Itiana frowned when she picked up a round, pinkish slab.
“Bologna,” she announced, puzzled. “What’s bologna made out of?”
“That,” Stewart said, “is a good question. Nobody really knows.”
Though they won’t be graded on this activity, it has become an
important part of the med school routine for the nearly 40 students who
participate. Modeled after a program, called Meal Mates, for elderly
patients at a Florida hospital, students are asked to come just once
per week.
Participants get help from the hospital’s volunteer office and its
child life department, who figure out which patients might need or want
a Lunch Buddy each day. In the future, it’s hoped that the program can
expand to dinner times, too, and second-year students might also
participate.
MUSC medical students are required to spend about 20 hours during their
first year in a primary-care setting, where they learn to take patient
histories and get a glimpse of some of the diseases they’ve studied.

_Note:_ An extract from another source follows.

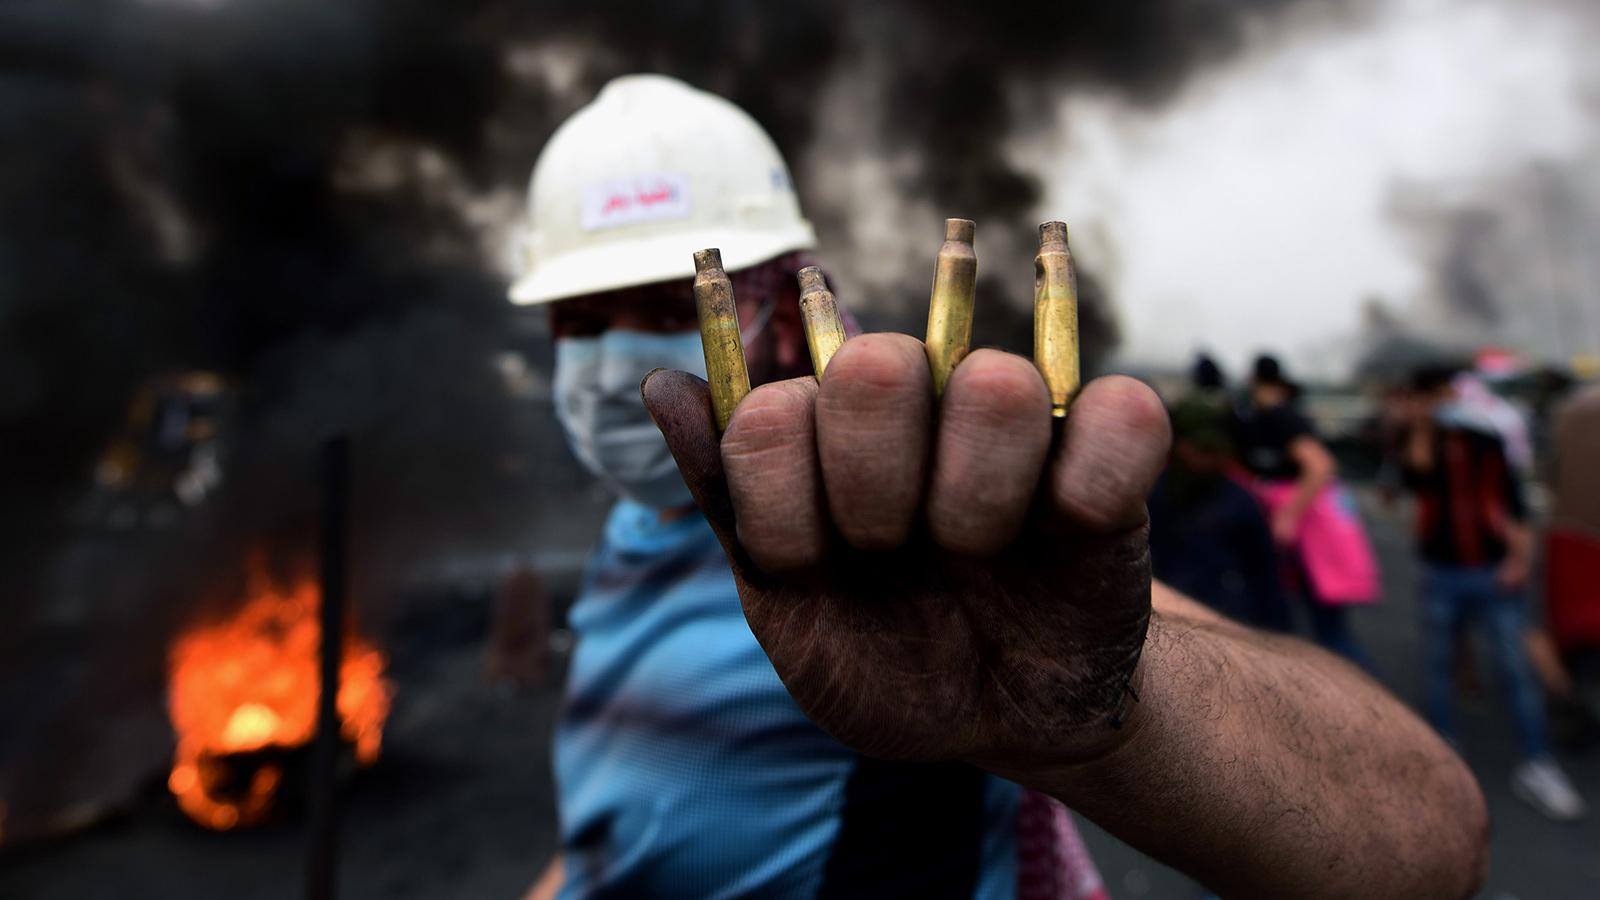 المحتجون يصعّدون بعد انتهاء مهلتهم

But signing on for extracurriculars such as Lunch Buddies or the Crisis
Ministries clinic offers an extra dimension, said Amy Blue, Ph.D., the
College of Medicine’s associate dean for curriculum and evaluation.
“Getting involved in service opportunities like this will help to
create a well-rounded individual who will become a more balanced
physician,” she said.
It stands to make a smarter doctor, too. Blue’s research, for instance,
has found that students who get involved in community service might
perform better during their residencies.
Editor’s note: The article ran
April 29 in the Post and Courier and is reprinted with permission.